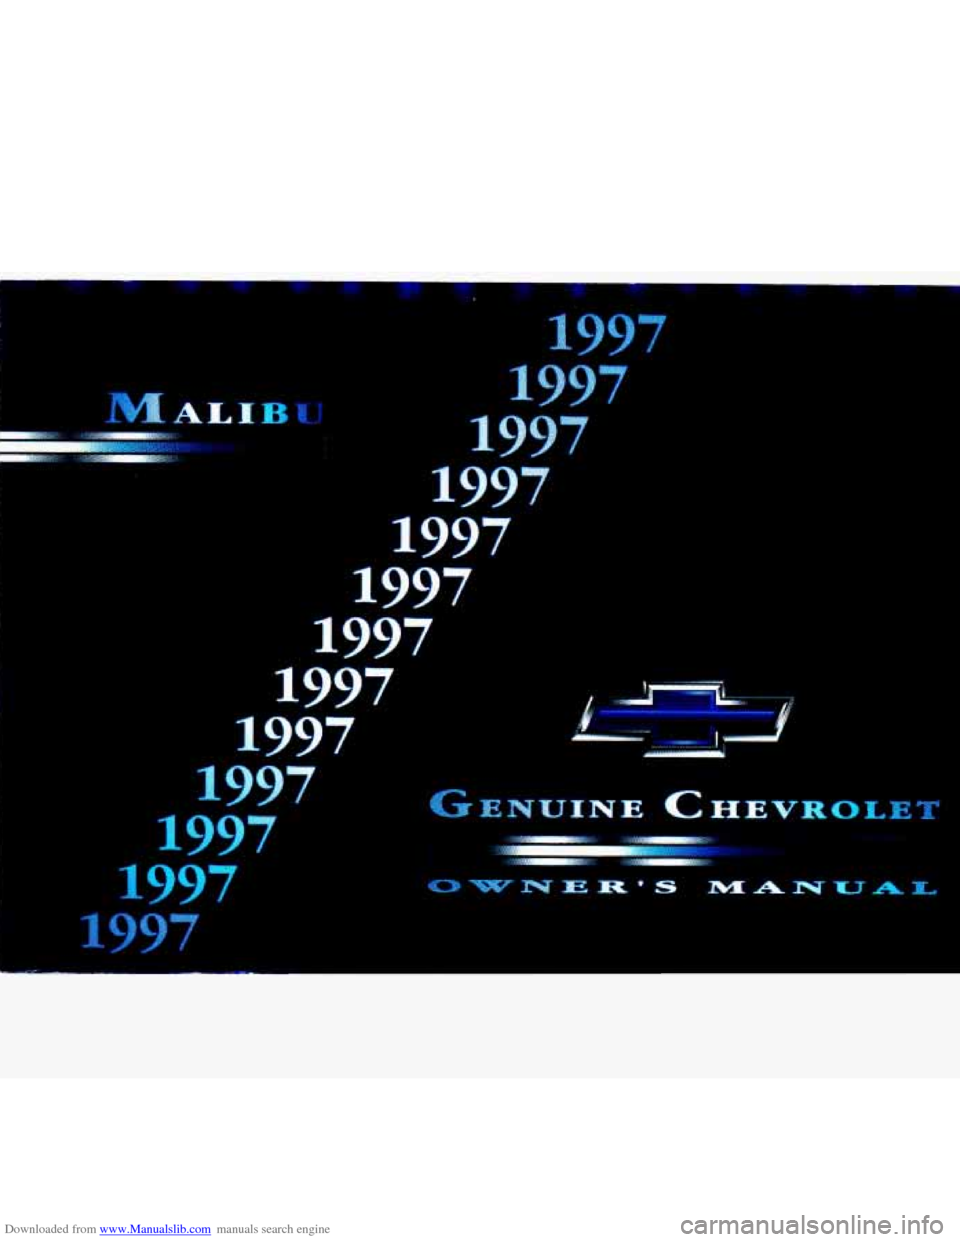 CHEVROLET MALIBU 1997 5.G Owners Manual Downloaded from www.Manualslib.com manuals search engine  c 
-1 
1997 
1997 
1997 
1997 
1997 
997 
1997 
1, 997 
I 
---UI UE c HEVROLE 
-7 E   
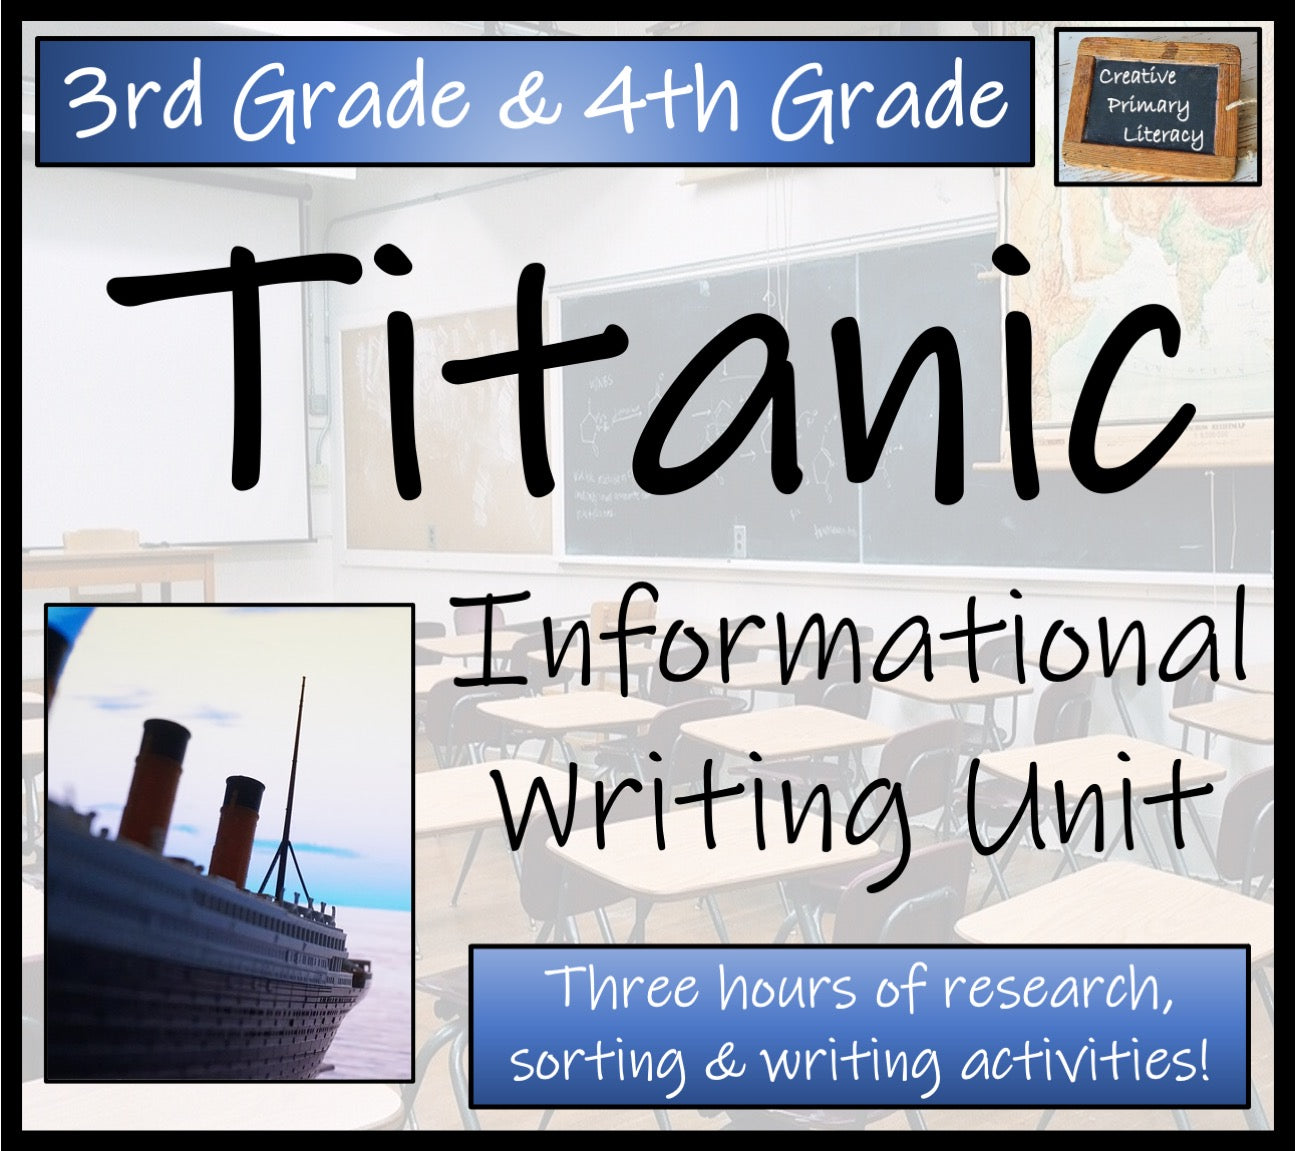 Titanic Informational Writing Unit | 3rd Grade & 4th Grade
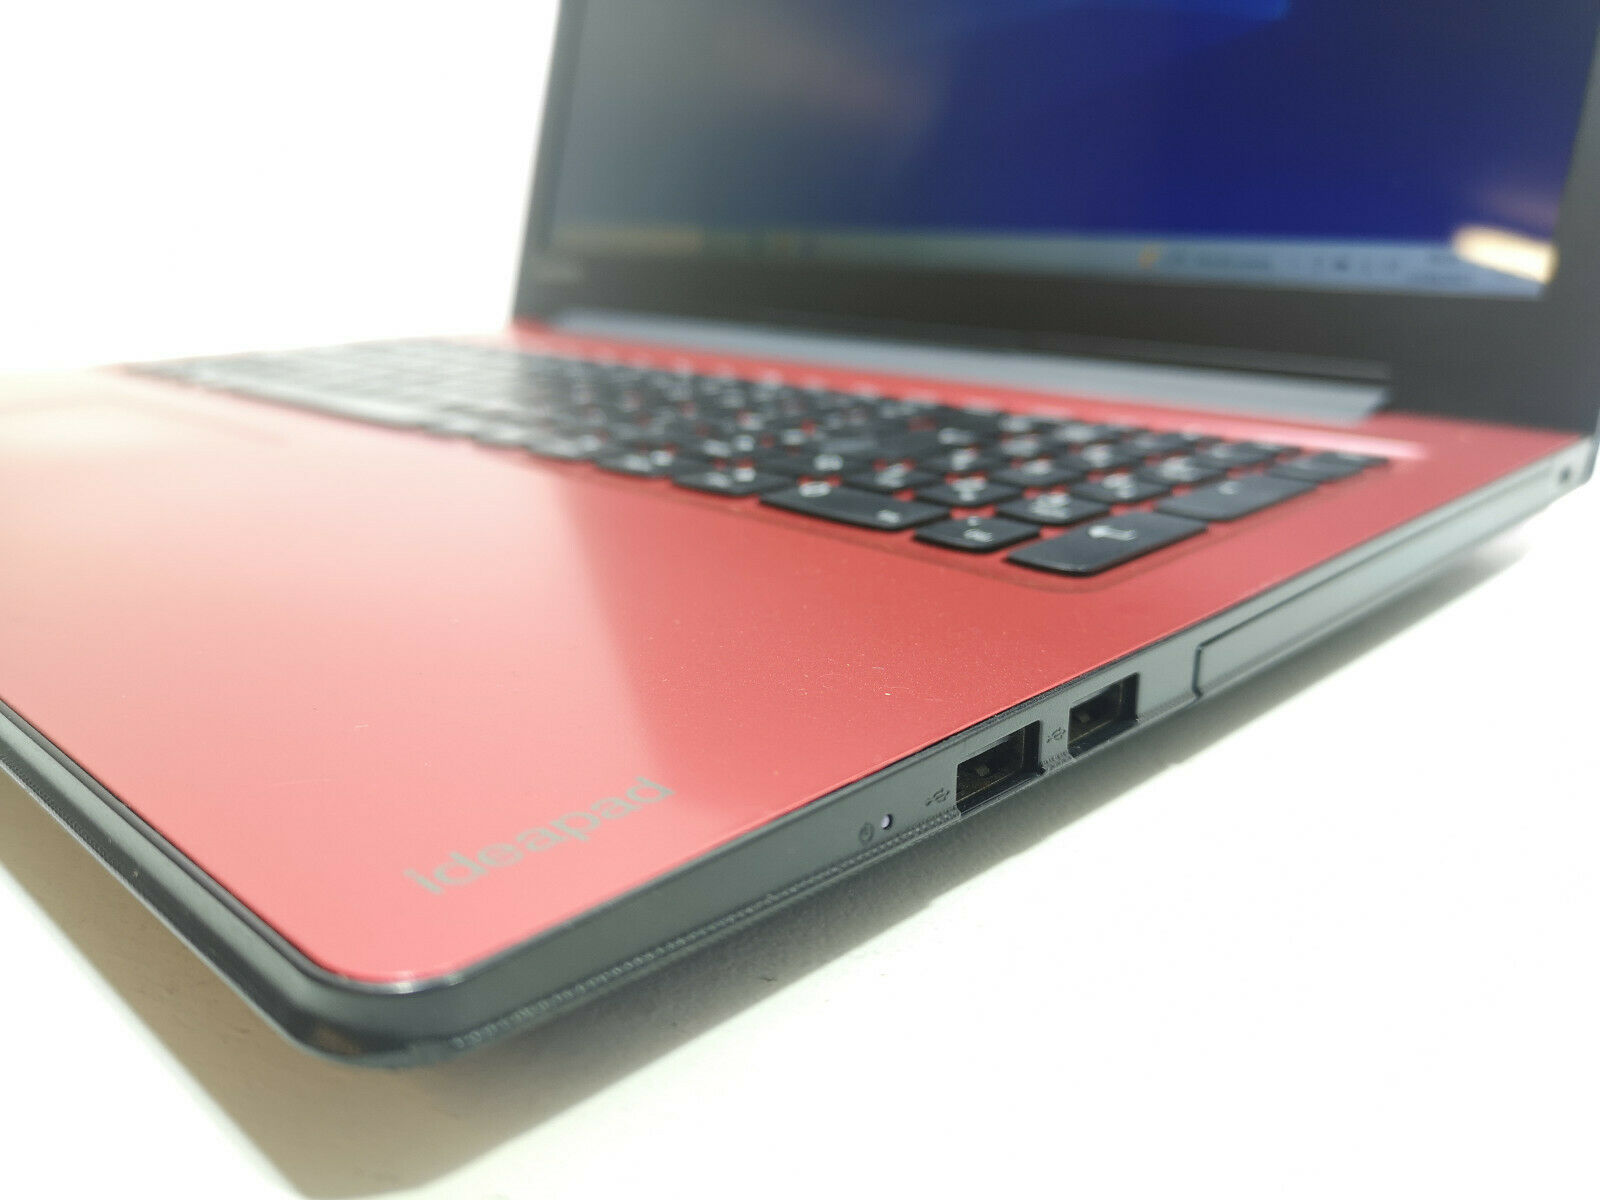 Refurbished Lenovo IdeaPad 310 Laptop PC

_ _ _ _

PROBLEM DESCRIPTION.
Retype the whole of the data verbatim. Skip every picture.

ANSWER BOX.
 CHEVROLET MALIBU 1997 5.G Owners Manual Downloaded from www.Manualslib.com manuals search engine  c 
-1 
1997 
1997 
1997 
1997 
1997 
997 
1997 
1, 997 
I 
---UI UE c HEVROLE 
-7 E   
 Titanic Informational Writing Unit | 3rd Grade & 4th Grade
 Refurbished Lenovo IdeaPad 310 Laptop PC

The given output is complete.